洗面所で顔を洗い前髪を掻き上げたところで鏡に目をやる。いや、目をやってしまった。
そこには当然春陽が映っている。
「…ちっ」
いつもは気をつけているのに、久しぶりに心構えなしで大嫌いな自分の顔を見てしまい、思わず舌打ちが出た。春陽はさっさと目元まで隠れる前髪を戻し洗面所を出る。
水を一杯飲み、ブレザーの制服に着替え、最後に黒縁の眼鏡をかければ準備は終了だ。
こうして春陽はワンルームのアパートを出て学校へと向かった。
春陽の通う光ヶ峰高校へは最寄り駅から電車で二駅と近いところにある。
いつも通りに家を出て、始業十分前に自分のクラスである二年B組の教室に着いた春陽は、窓際一番後ろの自席に座ってすぐ、腕を枕代わりにして机に突っ伏した。
黒髪で目元まで隠れた長い前髪に、黒縁眼鏡、基本的に自分から話しにいくこともない態度から、春陽は二年に上がって二週間足らずで、すでにクラスでは根暗な陰キャと認識されていた。一年の時もだいたい同じ頃には同様に認識され、特に関わってこようとするクラスメイトもいなかったため、そこから一年間平穏に学校生活を送れた春陽は、二年でも同じように過ごそうと決めていた。
平穏な学校生活を送るためには必要なことがあると春陽は考えている。
それは、良くも悪くも目立つ生徒とは決して関わらないことだ。
そしてこのクラスには少なくとも三人、絶対に関わってはいけない人間がいる。
一人目は、白月雪愛。
彼女は学年一……学校一だったか?春陽は興味が無いので詳細は不明だが、の美人で一年の頃から有名だった。そして、誰に告白されても断っているらしい。そのことから、男性が苦手だとか好きな人がいるだとか様々な噂が飛び交っているようだ。

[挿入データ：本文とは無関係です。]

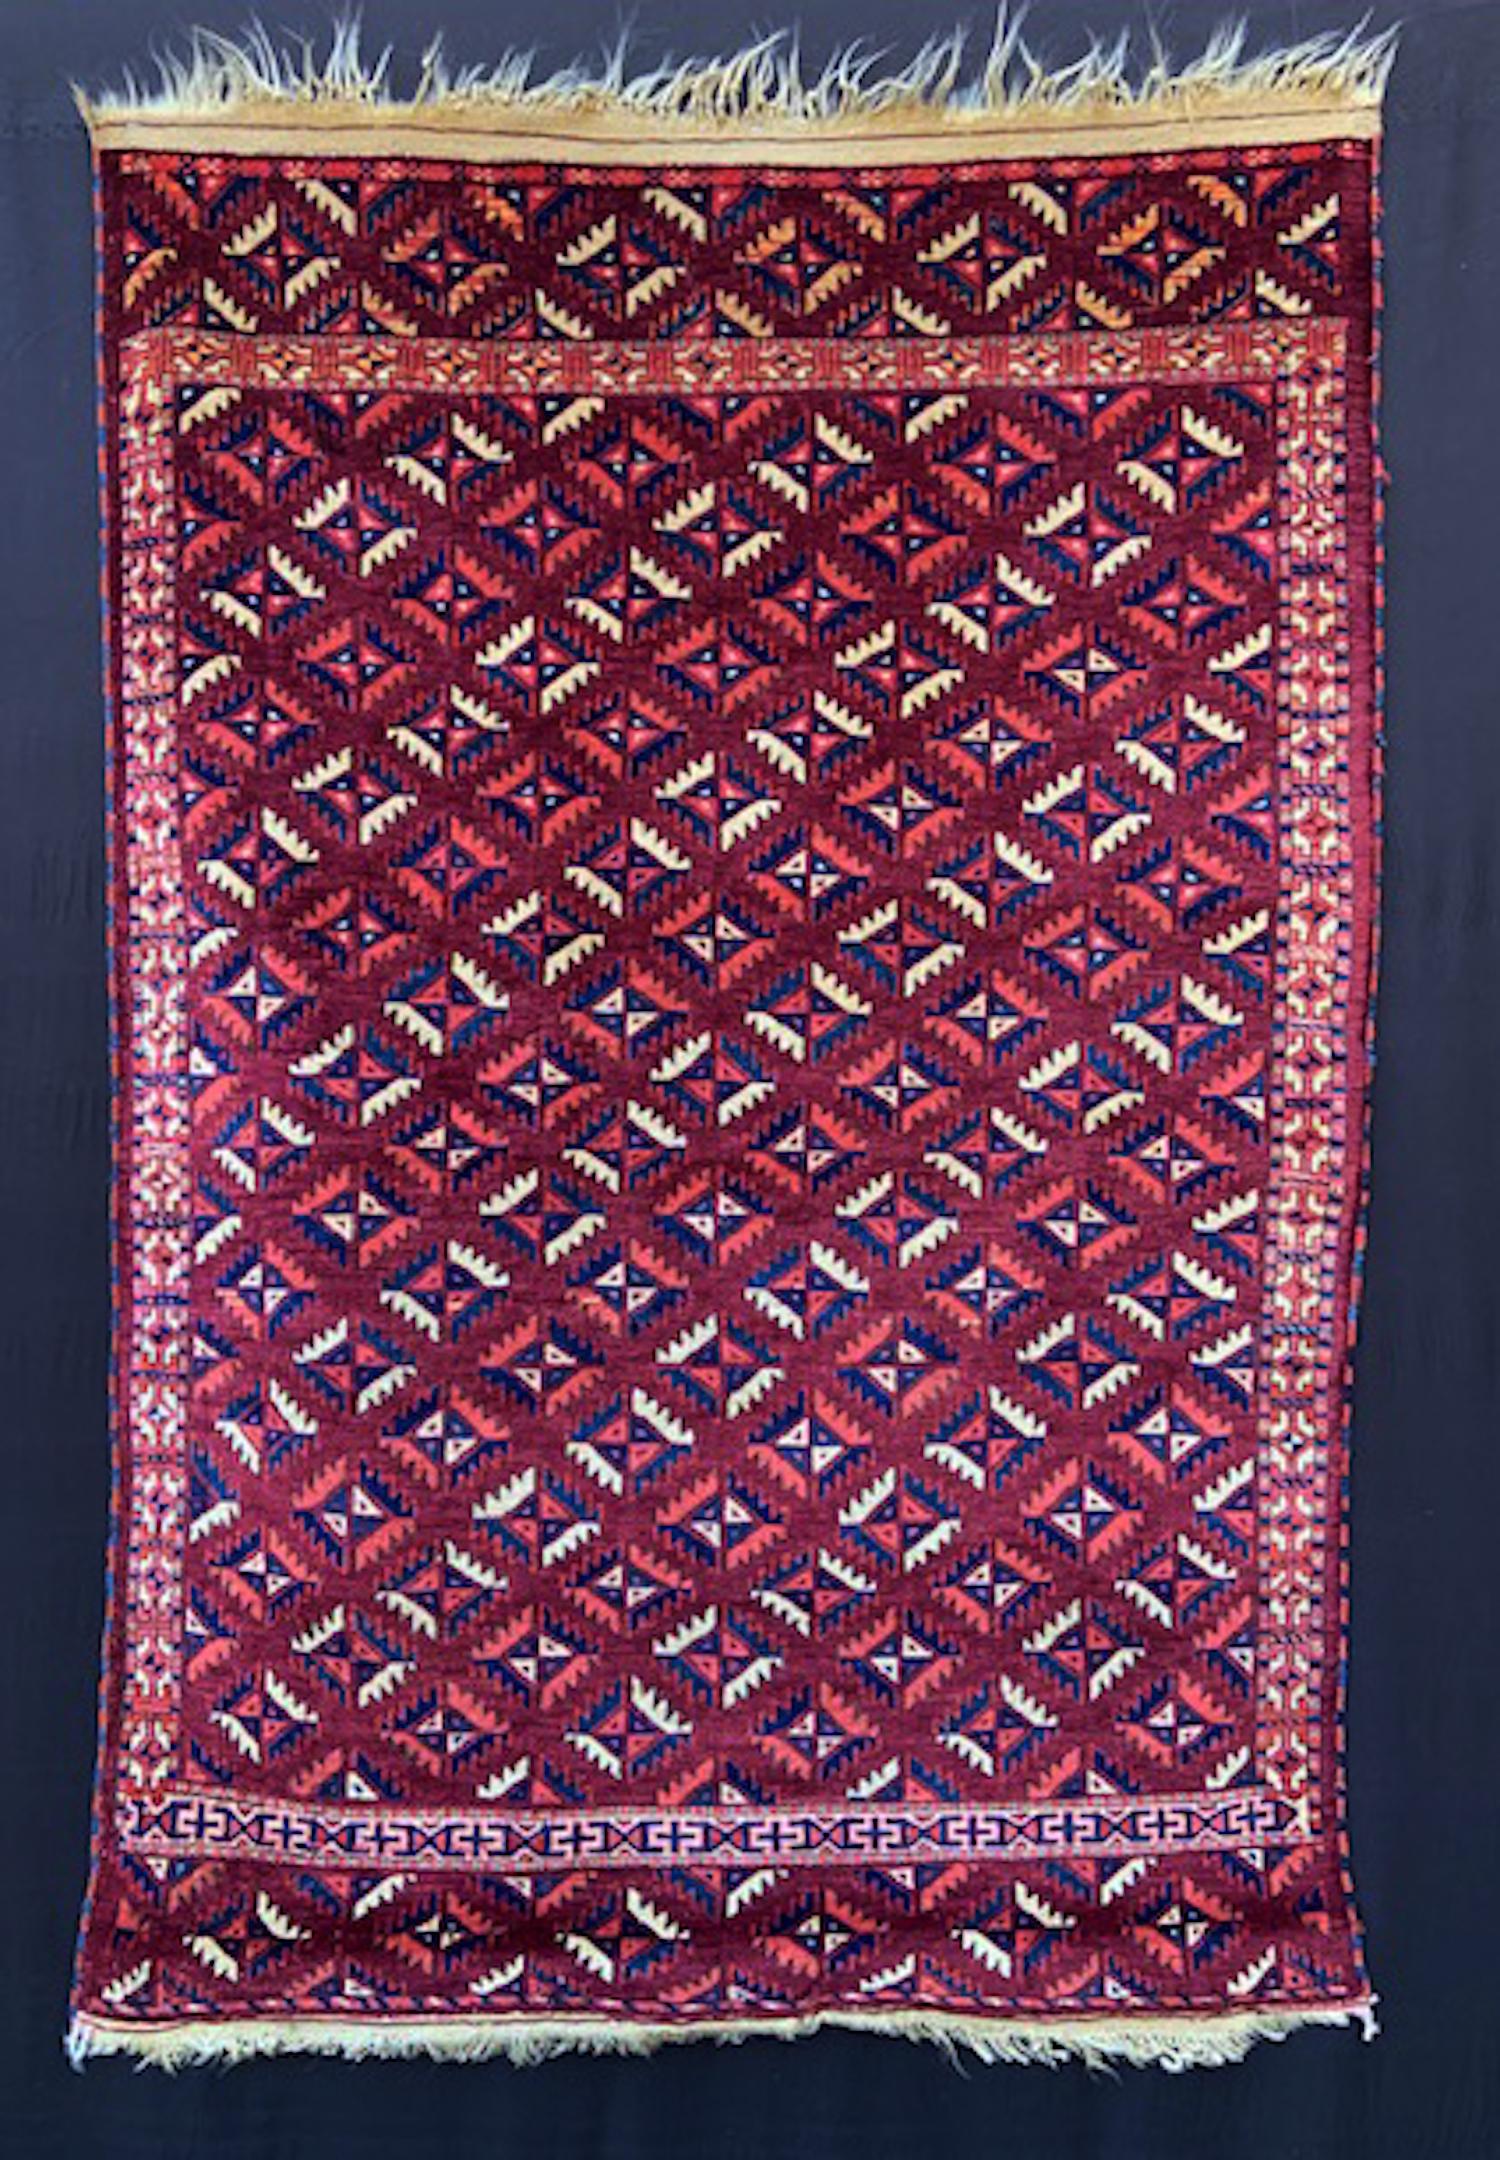 Goklen Turkmen Wedding Rug

彼女と万が一にも話しているところを他の男子に見られれば敵意を向けられ、女子からは彼女を狙っているという警戒の目で見られること必至である。
二人目は、新条和樹。
彼は言ってみれば雪愛の逆だ。サッカー部に所属する爽やかイケメン。
そのサッカー部でもレギュラーで活躍している、らしい。
女子の中心が雪愛だとすれば、男子の中心は間違いなく和樹だろう。
他の生徒達も一年のときのクラスメイトだったり、部活仲間だったりと二年にもなれば何だかんだでグループはすでにできている。
つまりは目立つような人物に関わらなければ、わざわざ自分などには見向きもしないだろうと春陽は考えている。
一人の男子生徒が教室に入ってきたのは春陽が席について数分後だった。
彼は、多くのクラスメイト達と名前を呼んで挨拶を交わし、自席に鞄を置いた。二年になって一か月に満たないというのにすでに多くのクラスメイト達と親しくなったようだ。そんな彼は隣の席で腕を枕にしている春陽に話しかけた。
「よう!春陽。今日も眠そうだなぁ」
「あ?……悠介か。何か用か?」
声をかけられた春陽は渋々腕から顔を上げ、彼、佐伯悠介に言葉を返した。
三人目がこの佐伯悠介だ。
明るい茶髪のイケメンで、ちょっとチャラそうに見えなくもないが、悠介は凄まじいコミュ力を持っていて、男女関係なく仲の良いやつが多い。
悠介とは同じ中学出身で、バスケ部でも一緒だった。と言っても、春陽は一年の終わりに退部したし、悠介も二年の初め頃に退部した。だが、そこから時々話すようになった。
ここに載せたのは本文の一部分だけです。